Amid the rhetoric at this week’s commemoration of the liberation of the Nazi concentration camps, Jewish groups focused on a more crucial question: how to keep the memory of the Holocaust alive after the last survivors die. It is a real problem that needs addressing, say Jewish leaders.

“There’ll be just a few more short years before the living memories become memories,” said Ronald Lauder, president of the World Jewish Congress. Their solution, the leaders say, is to step up the number of Holocaust-related events and make sure that Mr. Israel and other survivors attend, as well as casting the crime in the light of modern geopolitics, so that ordinary people can relate. There was plenty of the latter at ceremonies Wednesday in Krakow and Berlin and at the Auschwitz concentration camps.

Speaking to the German parliament, Israel President Shimon Peres called the Iranian government “a fanatic regime” and said its nuclear program “represents a threat to the entire world.”

Mr. Lauder compared Iranian president Mahmoud Ahmadinejad to Adolf Hitler. Mr. Ahmadinejad has threatened to destroy Israel and questioned whether the Holocaust happened. Hitler “had the same words, and people didn’t take him seriously,” Mr. Lauder said in a speech. The Iranian mission the United Nations didn’t respond to calls seeking comment.

Israel Prime Minister Benjamin Netanyahu attended a ceremony at the Auschwitz-Birkenau camps in southern Poland, where 1.3 million people, mostly Jews, were murdered between 1940 and 1945. He warned that “there are yet again threats to exterminate the Jewish people.” But more important than rhetoric, say Jewish groups, is increasing the number of events commemorating the Holocaust.

“It needs to be more than historical theory,” said Ari Zuckerman of the Paris-based European Jewish Congress. In 2005, Jewish groups created the World Holocaust Forum, dedicated to preserving the memory of the crime.

As well as this week’s events, the forum has organized ceremonies marking the 60th anniversary of the camps’ liberation and the 70th anniversary of Kristallnacht, an infamous Nazi night of violence against Jews. Since its founding, “we have lost many, many survivors and liberators,” said Moshe Kantor, president of the European Jewish Congress.

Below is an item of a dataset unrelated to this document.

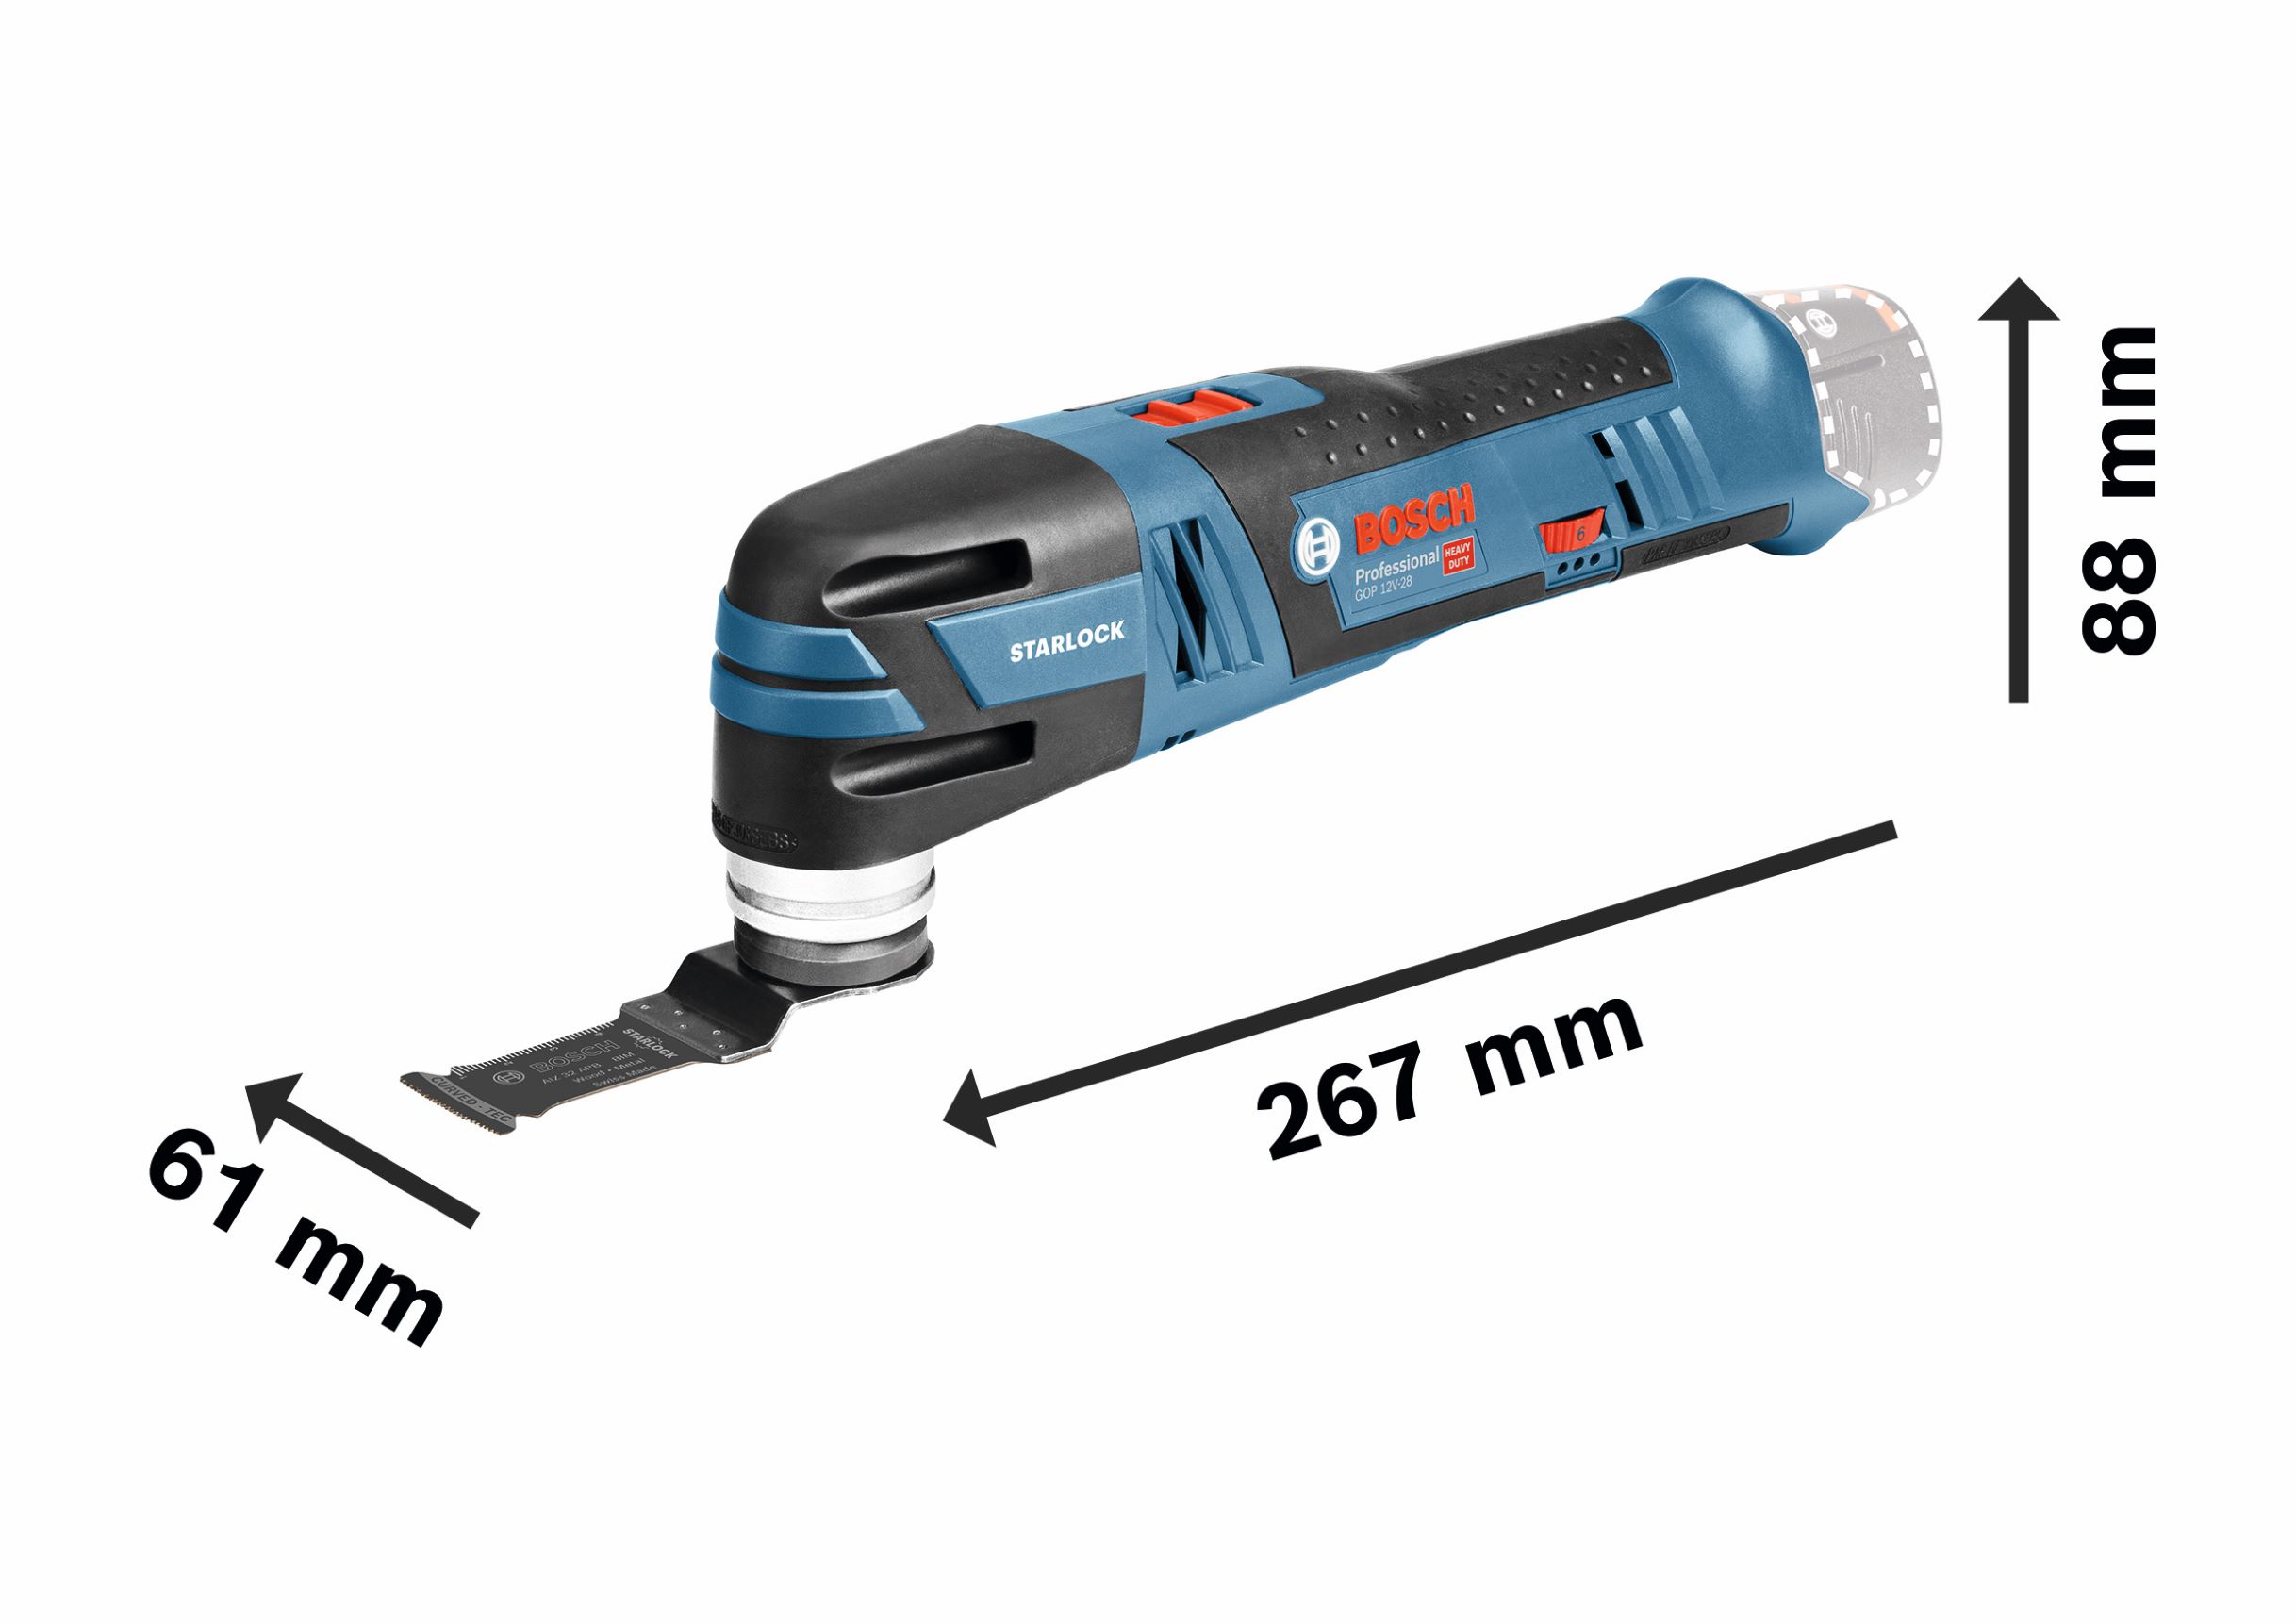 GRO 12V-35 Professional Cordless Rotary Tool in L-Boxx Bosch - 3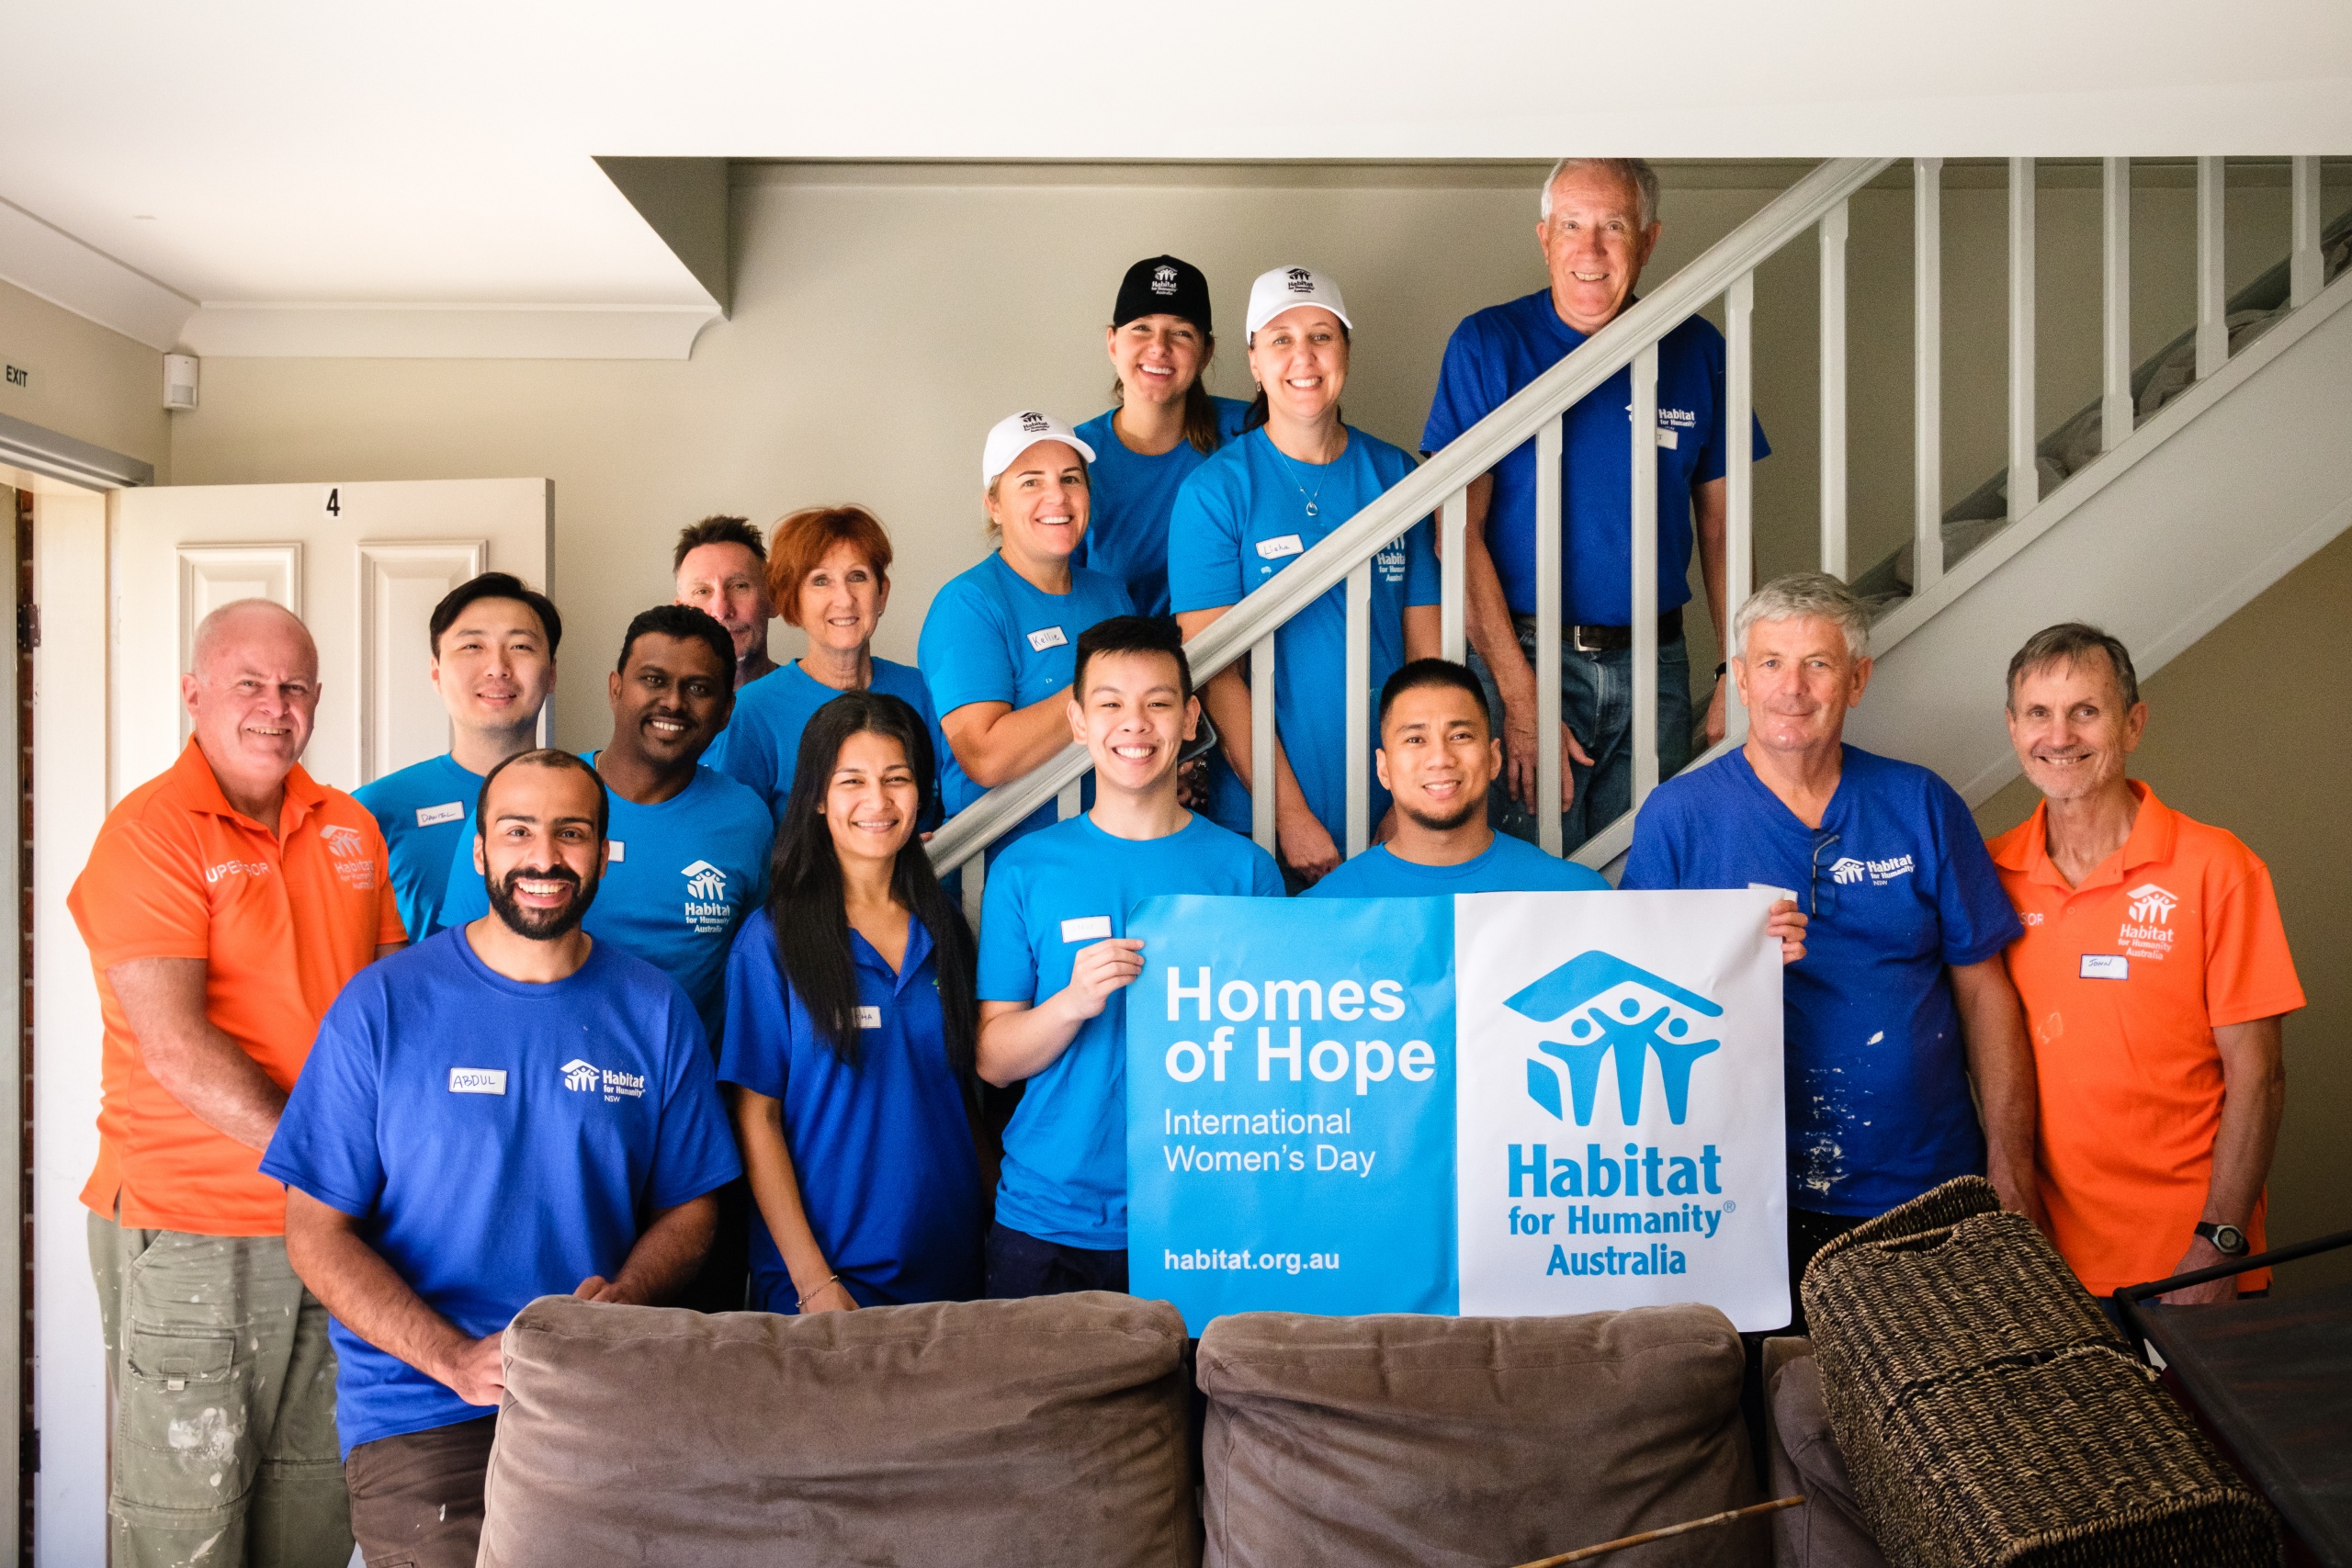 Habitat for Humanity Homes of Hope project completion group photo

The increase in the number of events means that people like Mr. Israel have become even more treasured and will have to travel more. The 82-year-old from the Greek island of Rhodes was the only Holocaust survivor on a plane of Jewish activists and European politicians that flew to Krakow from Brussels on Tuesday.

Mr. Israel was deported from Rhodes to mainland Greece in 1943 and held there before being shipping to Auschwitz in 1944. His parents and two brothers died there. “I’ve felt guilty ever since,” he said. After the war, he worked as a shopkeeper and trader in the Belgian Congo and Belgium. He married and raised a family.

He kept quiet about the Holocaust, he said, until a few years ago when he met Stipan Bosnjak, a Serb of Roma origin whom he met in Brussels and the two became friends. The Nazis killed several hundred thousand Roma, according to historians. “I was moved to help him come to terms with his memory,” said Mr. Bosnjak, now a psychiatric nurse in Belgium. Two years ago, Mr. Bosnjak helped Mr. Israel write a book. Nobel Peace Prize winner and Holocaust survivor Elie Weisel wrote an endorsement on the jacket. On the flight from Brussels, Mr. Israel’s daughter gave out copies.

In Poland on Wednesday, Mr. Israel thanked former Soviet soldiers who liberated the camps in January 1945. Ivan Martinushkin said it wasn’t always easy to relate the story of what he saw in 1945 to younger generations where he lives in Moscow. “They get tired of you telling, telling, telling, but if you do it gently, they get the message,” he said.

Mr. Israel also showed visitors around the camp. “There were 100 of us in a train like that,” he said, pointing to a red wagon. “It was hot in August. Can you imagine?”